Autografo Archivio Storico Ricordi, Milano

Ernani è un'opera in quattro atti di Giuseppe Verdi su libretto di Francesco Maria Piave, tratta dal dramma di Victor Hugo Hernani.

Storia[modifica | modifica wikitesto]

La prima rappresentazione si svolse al Teatro La Fenice di Venezia il 9 marzo 1844, e fu un successo. Gli interpreti coinvolti furono:[1]

Personaggio Interprete Registro vocale
Ernani Carlo Guasco tenore
Don Carlo Antonio Superchi baritono
Silva Antonio Selva basso
Elvira Sofia Loewe soprano
Giovanna Laura Saini soprano
Don Riccardo Giovanni Lanner tenore
Jago Andrea Bellini
Scene Francesco Bagnara,
realizzazione di Pietro Venier
Maestro del coro Luigi Carcano
Maestro al cembalo Giuseppe Verdi (per tre recite),
poi Luigi Carcano
Primo violino e direttore d'orchestra Gaetano Mares

Il successivo 13 luglio avviene la prima nell'Imperial Real Teatro Rossini di Livorno.

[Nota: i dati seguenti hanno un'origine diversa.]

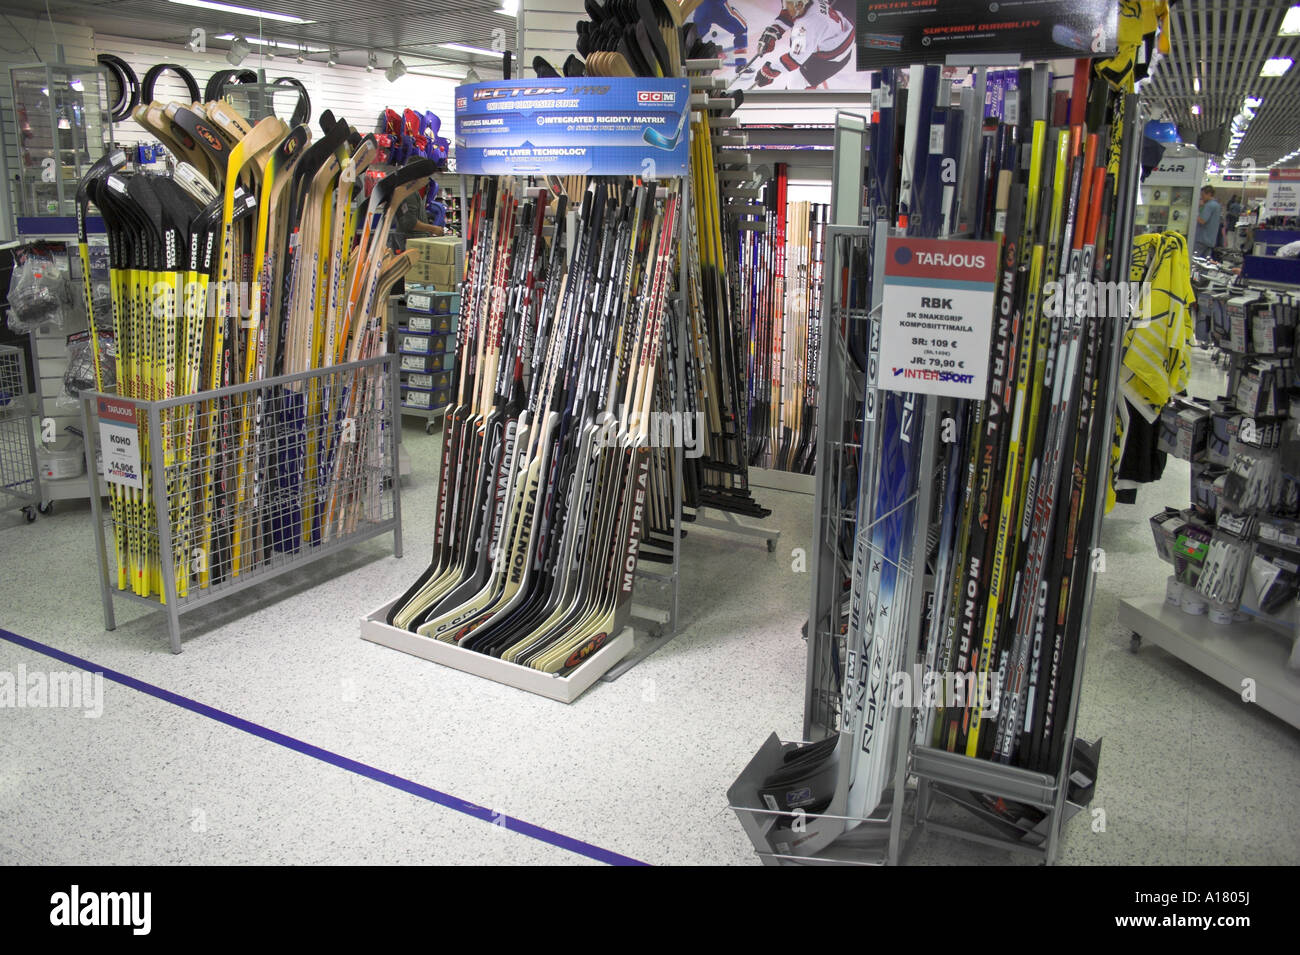 ishockey shop

Al Teatro alla Scala di Milano la prima è stata il 3 settembre 1844 diretta da Eugenio Cavallini con Guasco ed Ignazio Marini.

Il successivo 19 ottobre avviene la prima nel Teatro Comunale di Bologna con Felice Varesi ed il 26 dicembre nel Teatro Regio di Parma con Varesi e nel Teatro Regio di Torino diretta da Giovanni Battista Polledro con Marini.

Il 1 gennaio 1845 avviene la prima nel Teatro Nacional de São Carlos di Lisbona con Enrico Tamberlick.

Nel Regno Unito la prima è stata nel Her Majesty's Theatre in Haymarket di Londra il successivo 8 marzo.

L'11 novembre avviene la prima nel Teatro Coppola di Catania con il nome di "Elvira d'Aragona".

Il 17 dicembre avviene la prima al La Monnaie/De Munt di Bruxelles nella traduzione di Leone Escudier.

Il 25 dicembre avviene la prima nel Teatro Metastasio di Prato.

Il 6 gennaio 1846 avviene la prima nella Salle Ventadour del Théâtre de la comédie italienne di Parigi di "Il proscritto ossia Il corsaro di Venezia" e l'8 gennaio nel Théâtre de l'Hôtel de Ville di Lilla.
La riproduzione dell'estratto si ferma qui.